■ **Exercise goal**
Only the lines from the one that contains "49+] Remove Stubborn Wallpaper Glue on" through the last line of the data below should be duplicated, exactly and without pictures.

■ **Information provided**

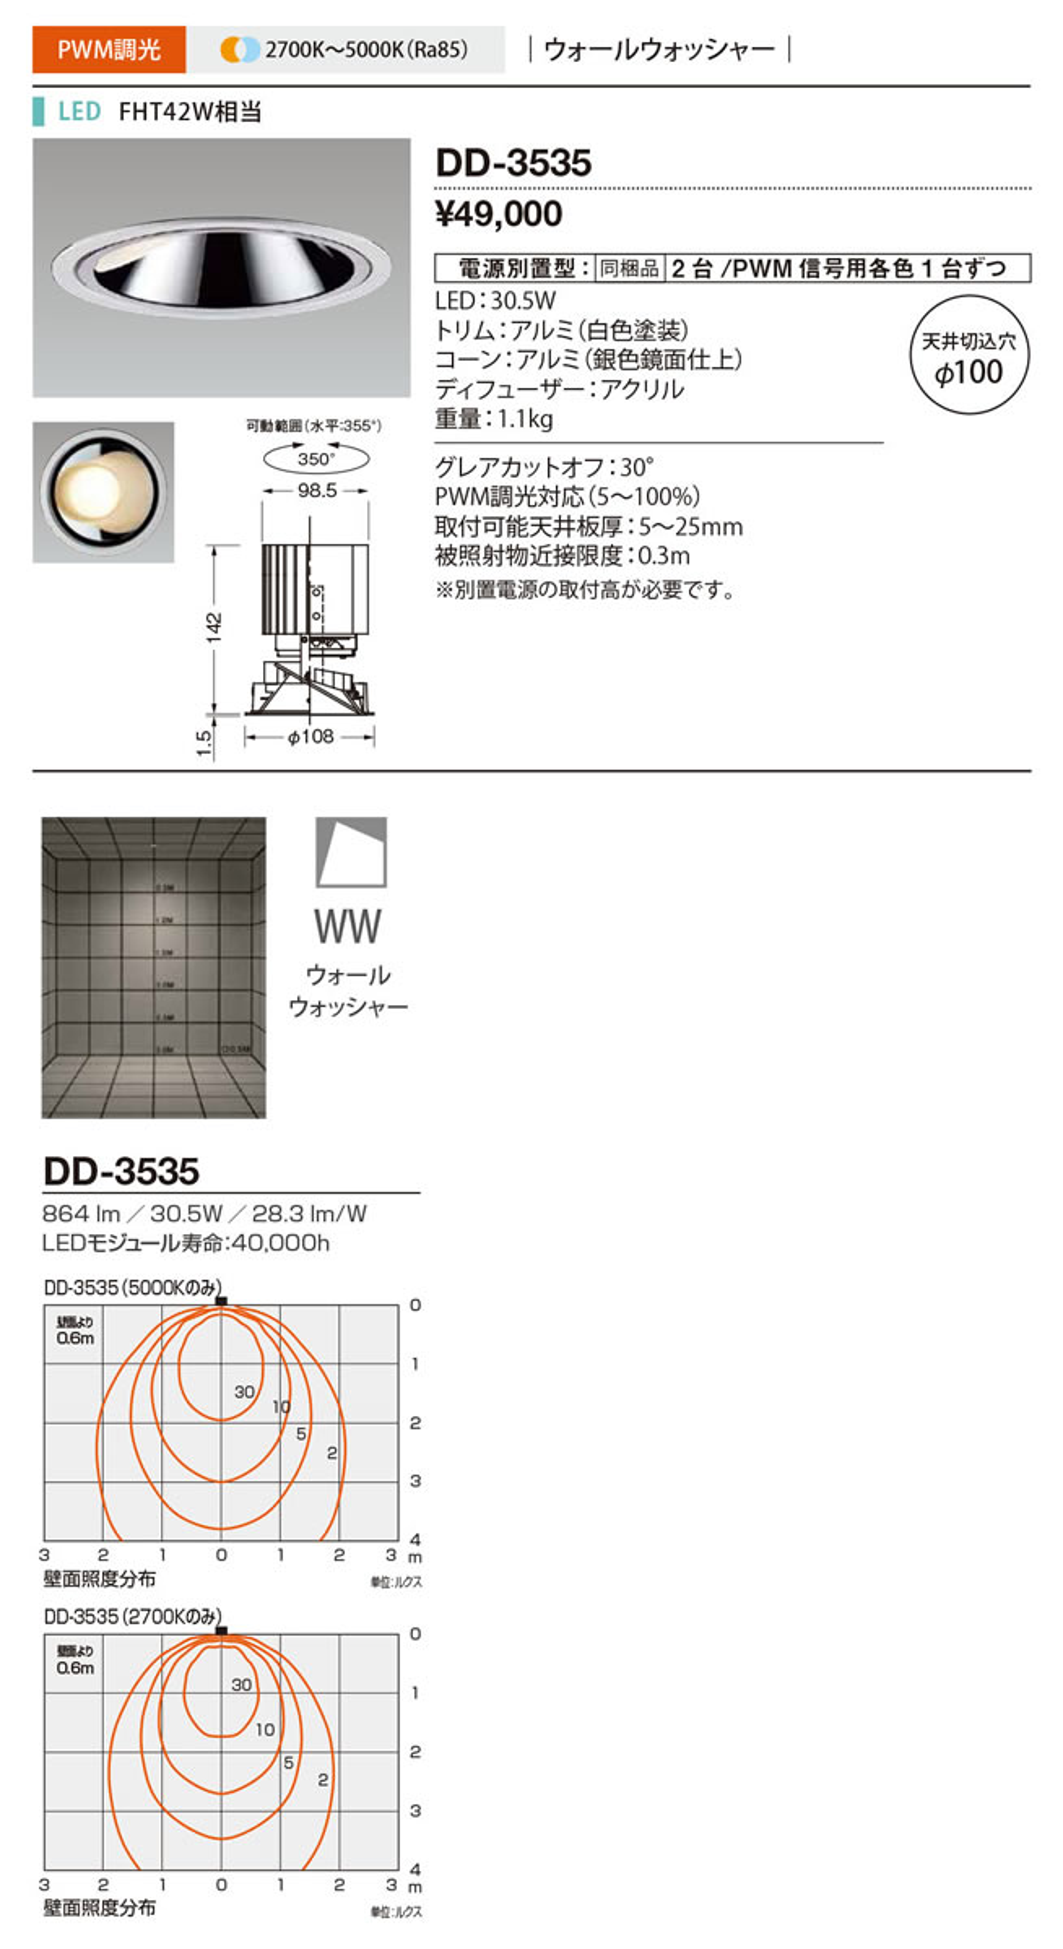 グレアレス埋込φ100 マルチレンズ Morph DD-3535LED一体型ダウンライト 天井照明 テクニカルライト 調光・調色FHT42W相当山田照明 100ベースタイプ 照明器具
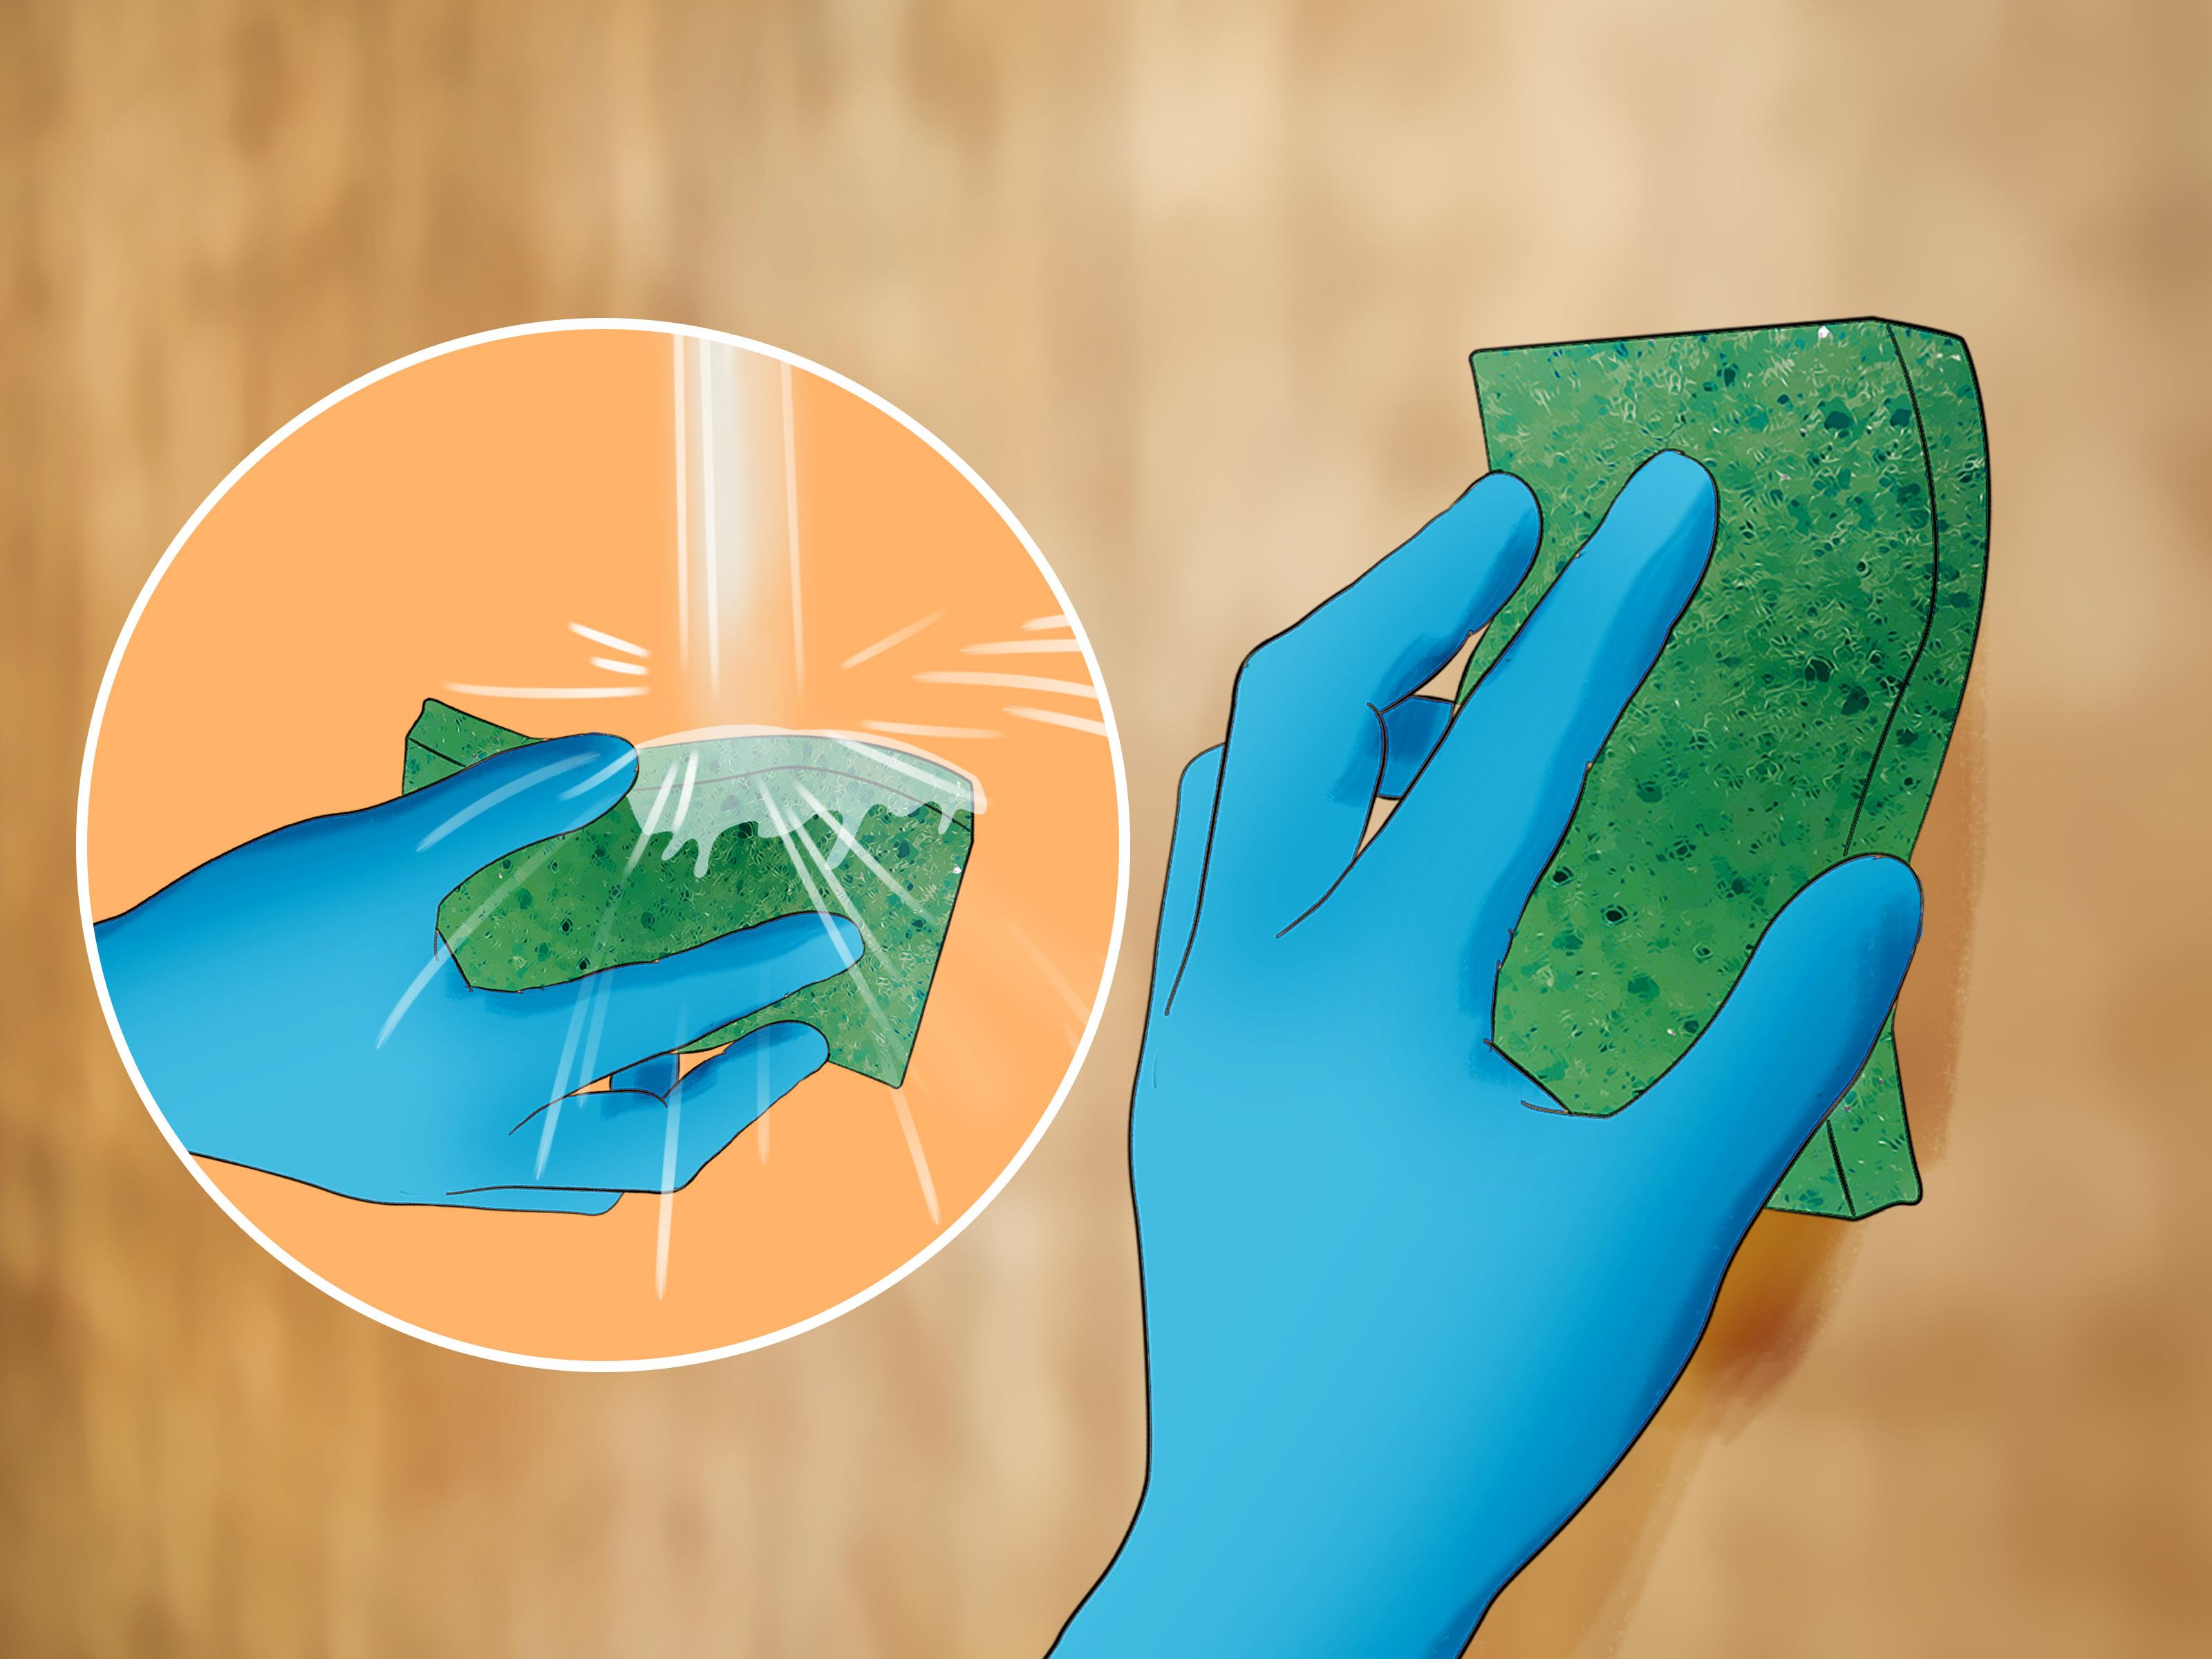 49+] Remove Stubborn Wallpaper Glue on
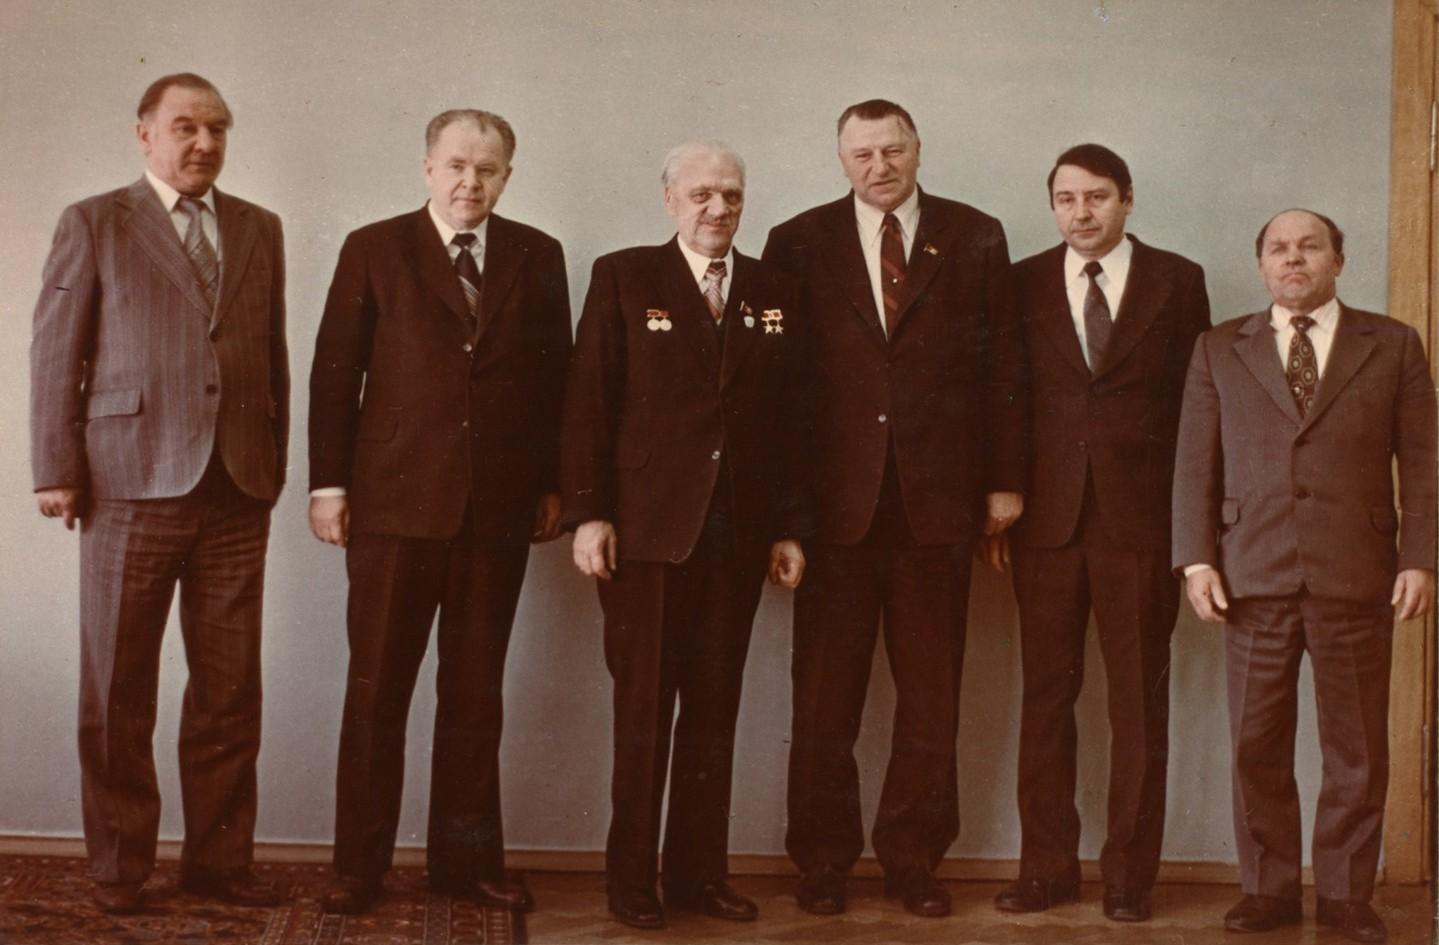 Н.А. Пилюгин – третий слева, рядом с ним, справа С.А. Афанасьев – министр общего машиностроения СССР. 1978 г.
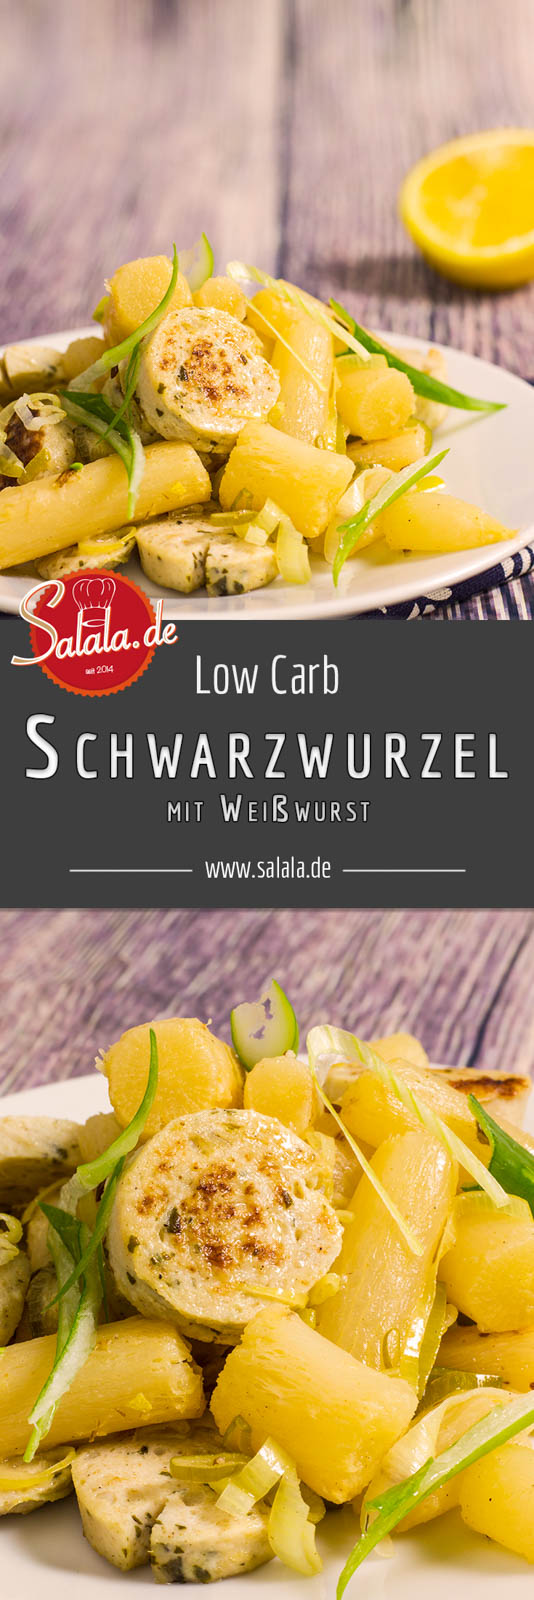 Schwarzwurzel mit Weißwurst - by salala.de -Rezept gebratene Weißwurst Low Carb salala.de Kümmel Frühlingszwiebeln verboten Ballaststoffreich Inulin

■ **Task solution**
 49+] Remove Stubborn Wallpaper Glue on
 Н.А. Пилюгин – третий слева, рядом с ним, справа С.А. Афанасьев – министр общего машиностроения СССР. 1978 г.
 Schwarzwurzel mit Weißwurst - by salala.de -Rezept gebratene Weißwurst Low Carb salala.de Kümmel Frühlingszwiebeln verboten Ballaststoffreich Inulin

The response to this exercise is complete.